We very much look forward to your submissions. Please don’t hesitate to ask for our help. Best wishes!
Dominique Grisard dominique.grisard@unibas.ch
Anna Korteweg anna.korteweg@utoronto.ca
Jadwiga Pieper Mooney jadwiga@email.arizona.edu
Specific Women, Gender and Sexuality themes:
- Trans issues – the state, surveillance
- Technology, trans issues, pluralism and community
- Monogamy, polygamy, polyamory
- Pluralization of family forms and functions (e.g. “rainbow” families, “patchwork” families, single-parent families, three-parent-families, nuclear families etc.)
- Feminism and multiculturalism revisited
- Feminist/queer/intersectional theories of difference
- Performativity and pluralism (of gender expression, etc.)

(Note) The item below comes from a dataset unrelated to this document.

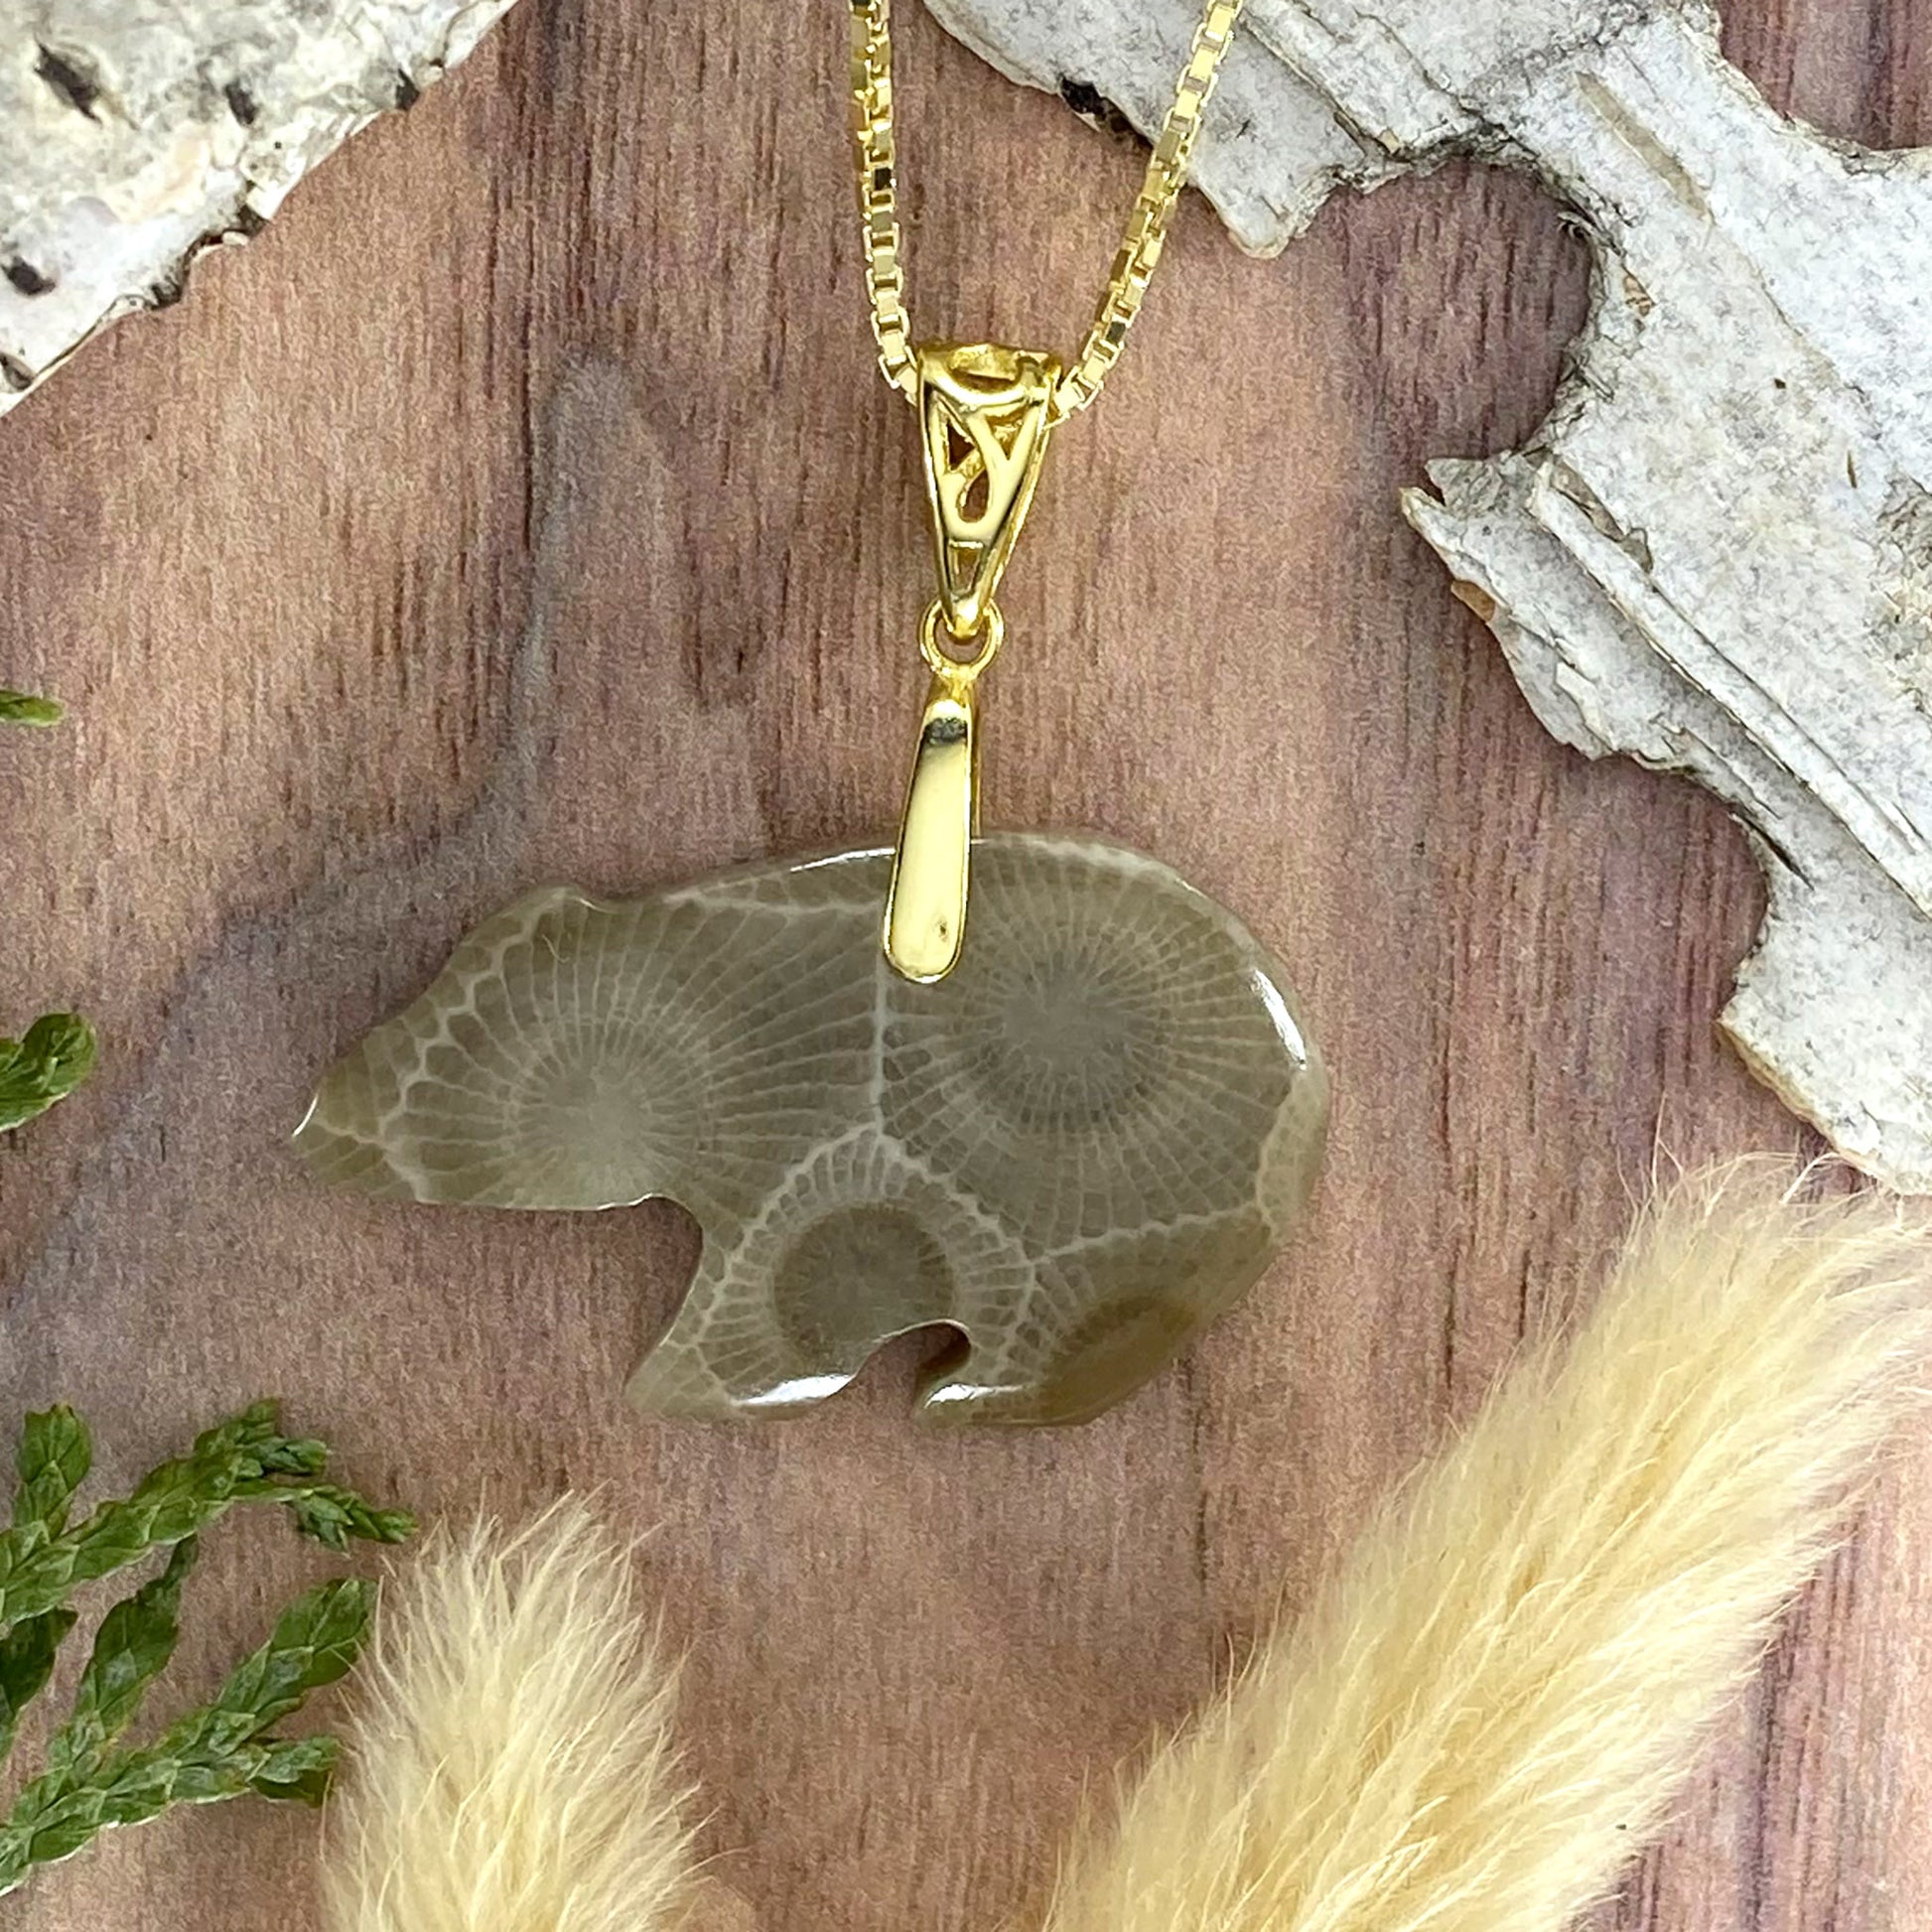 Petoskey Stone Bear Pendant Necklace A Front View - Stone Treasures by the Lake

- The challenges of transnational gender history
- From single issue politics via intersectionality to post-intersectionality and multidimensionality?
- Pluralism and the state
- The new biopolitics of race and gender
- Biopolitics and necropolitics
- Feminism, pluralism and politics of affect
- Populism, gender and the politics of affect
- Intimacy between public and private (commodified intimacies; commercial intimacies; public intimacies; “girlfriend experiences”)
- Feminist approaches to harm reduction programs in public health (please contact Benita Roth directly at broth@binghamton.edu)
- Gender and sexuality and the British Empire; Imperial Women and Health; Indigenous Healthcare in Colonial British Caribbean; Imperial Health and Maternalism in British Caribbean (please contact Sandria Green-Stewart at greenssl@mcmaster.ca)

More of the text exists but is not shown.